Square \frac{600}{143} by squaring both the numerator and the denominator of the fraction.

t^{2}+\frac{1200}{143}t+\frac{360000}{20449}=\frac{717500}{20449}

Add \frac{2500}{143} to \frac{360000}{20449} by finding a common denominator and adding the numerators. Then reduce the fraction to lowest terms if possible.

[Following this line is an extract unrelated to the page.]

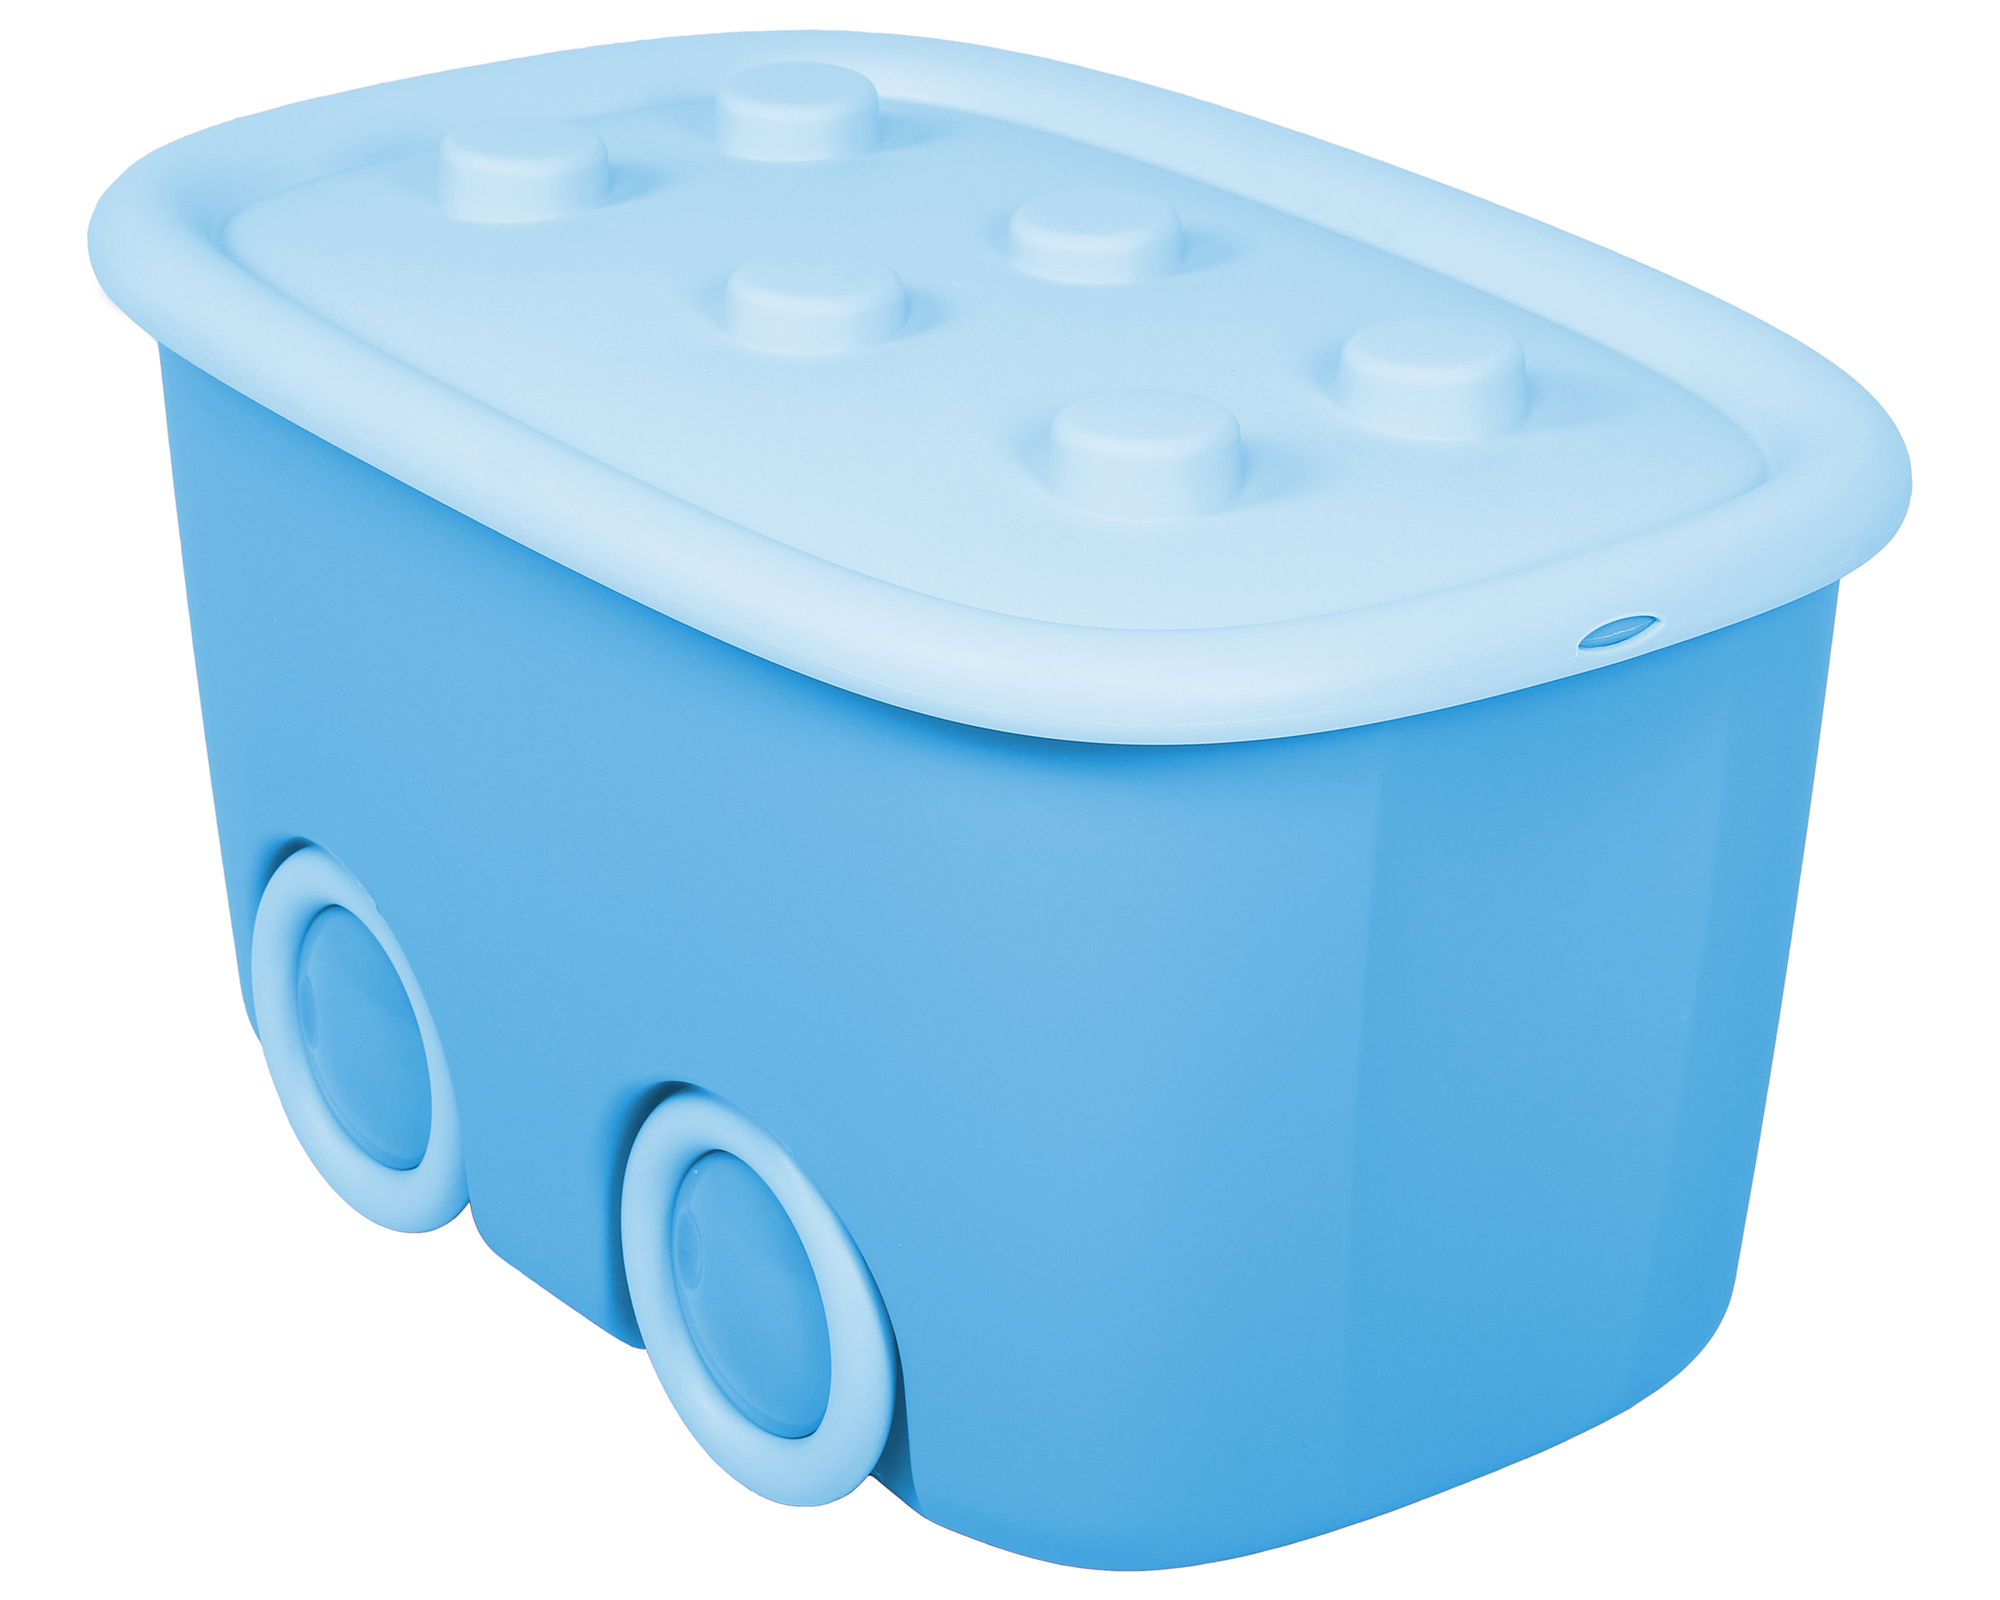 ondis24 spielzeugbox funny hellblau g nstig online kaufen. Black Bedroom Furniture Sets. Home Design Ideas

\left(t+\frac{600}{143}\right)^{2}=\frac{717500}{20449}

Factor t^{2}+\frac{1200}{143}t+\frac{360000}{20449}. In general, when x^{2}+bx+c is a perfect square, it can always be factored as \left(x+\frac{b}{2}\right)^{2}.

\sqrt{\left(t+\frac{600}{143}\right)^{2}}=\sqrt{\frac{717500}{20449}}

Take the square root of both sides of the equation.

t+\frac{600}{143}=\frac{50\sqrt{287}}{143} t+\frac{600}{143}=-\frac{50\sqrt{287}}{143}

Simplify.

t=\frac{50\sqrt{287}-600}{143} t=\frac{-50\sqrt{287}-600}{143}

Subtract \frac{600}{143} from both sides of the equation.